Trust Boundary Definitions

Boundary	From	To	Trust Level	Validation
TB-1	User Browser	Frontend	Untrusted	Input sanitization, CSP
TB-2	Frontend	Backend API	Semi-trusted	Session validation, rate limiting
TB-3	Backend	PostgreSQL	Trusted	Internal network, credentials
TB-4	Backend	Google OAuth2	External-trusted	CSRF state validation
TB-5	Backend	Gmail API	External-trusted	OAuth2 tokens, scoped access
TB-6	Backend	Gemini API	External-trusted	API key, contractual terms
TB-7	Backend	Stripe	External-trusted	Webhook signature verification
TB-8	Frontend	PostHog	External-optional	First-party proxy

System Components

Frontend (Next.js)

Attribute	Value
Technology	Next.js 16.1.5, React 18.3.1, TypeScript
Trust Level	Edge/DMZ - handles untrusted user input
Deployment	Standalone Docker container

Security Controls:

X-Frame-Options: DENY - Prevents clickjacking
Content-Security-Policy: frame-ancestors 'none' - Additional clickjacking protection
X-Content-Type-Options: nosniff - Prevents MIME-type sniffing
Referrer-Policy: strict-origin-when-cross-origin - Controls referrer leakage
X-Powered-By header disabled - Reduces technology fingerprinting
Cache-Control: Granular policy; public pages cached (e.g., 1 hour), static assets are immutable, and sensitive pages default to no-cache.

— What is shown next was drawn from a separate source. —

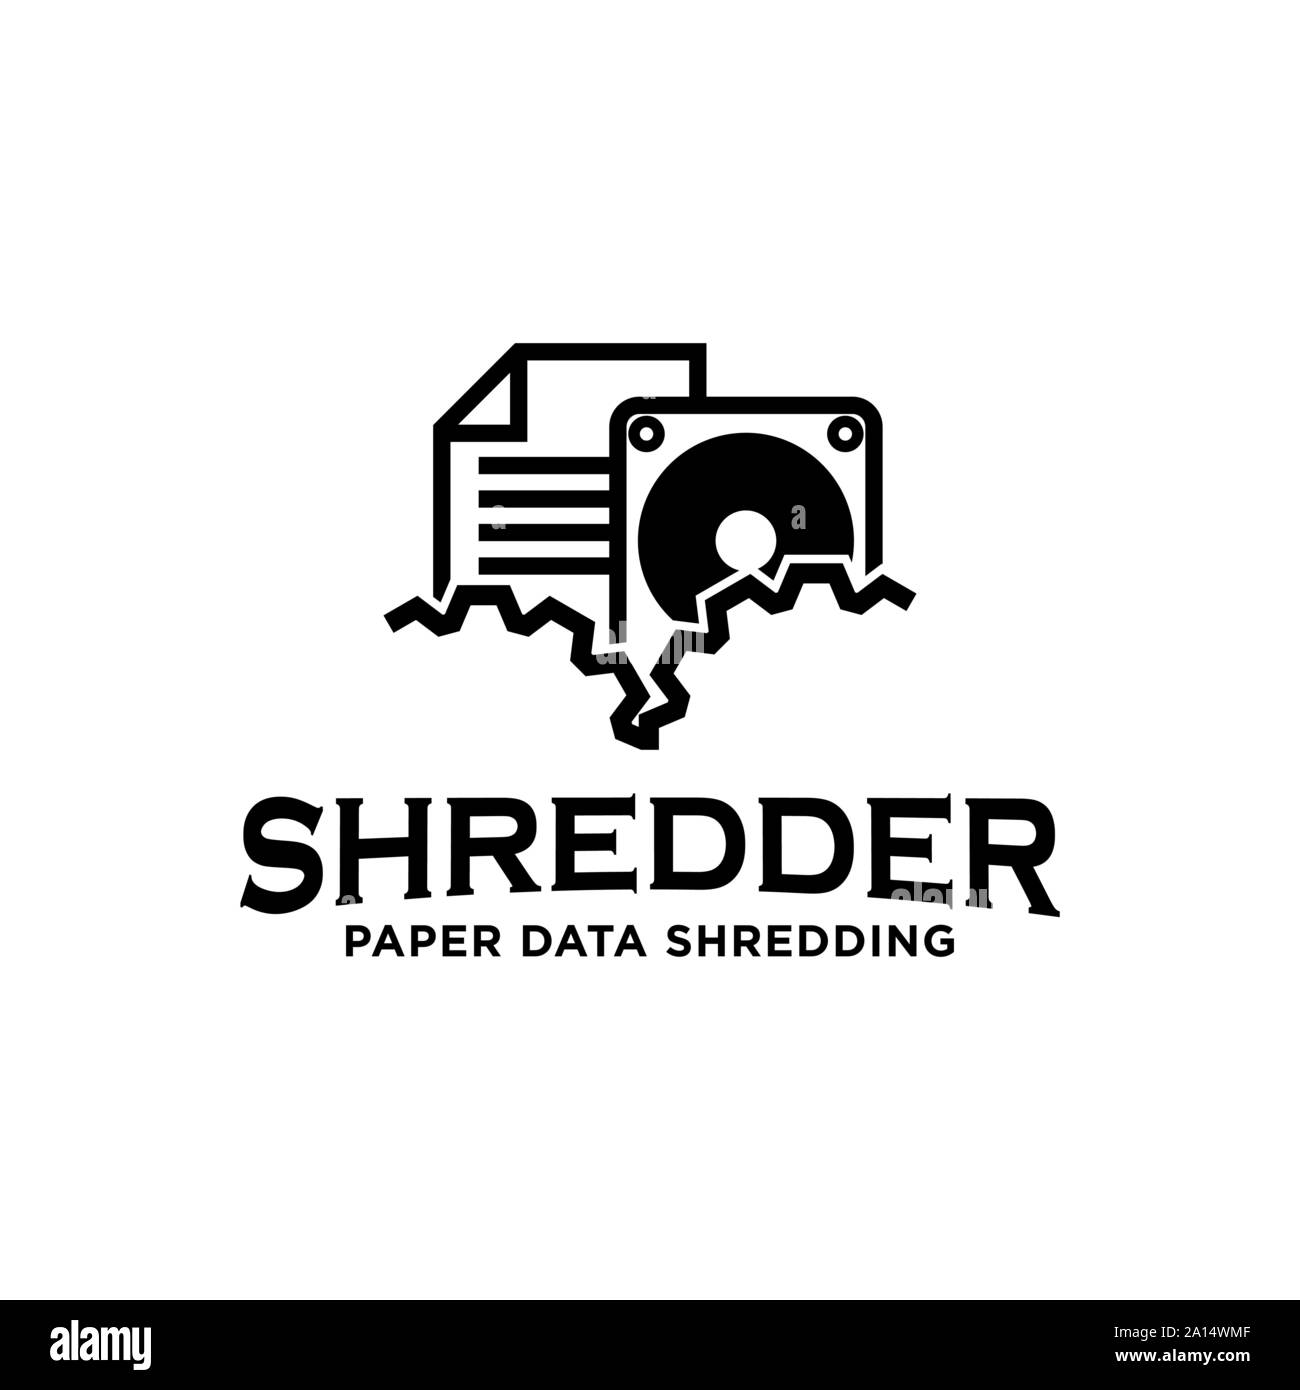 Shredding services paper data - destruction equipped logo icon Stock Vector

Configuration: frontend/next.config.js

Backend API (FastAPI)

Attribute	Value
Technology	FastAPI, Uvicorn, Python 3.11+
Trust Level	Internal - session-validated requests only
Deployment	Docker container

Security Controls:

Session-based authentication via secure cookies
CSRF protection via OAuth state parameter
Rate limiting via SlowAPI on all endpoints
Input validation via Pydantic models

Key Files:

backend/session/session_layer.py - Session management
backend/routes/auth_routes.py - Authentication flows
backend/utils/credential_service.py - Credential encryption

Database (PostgreSQL)

Attribute	Value
Technology	PostgreSQL 13
Trust Level	Trusted - internal access only
Deployment	Docker container or managed service

Security Controls:

Connection via environment variable (no hardcoded credentials)
Encrypted OAuth tokens (Fernet symmetric encryption)
Schema migrations via Alembic

Sensitive Tables:

Table	Sensitive Data	Protection
`oauth_credentials`	Refresh/access tokens	Fernet encryption
`users`	Email, Stripe IDs	Access control
`contributions`	Payment records	Access control

Background Scheduler (APScheduler)

Attribute	Value
Technology	APScheduler
Trust Level	Internal - runs within backend process
Schedule	Every 12 hours (3 AM / 3 PM UTC)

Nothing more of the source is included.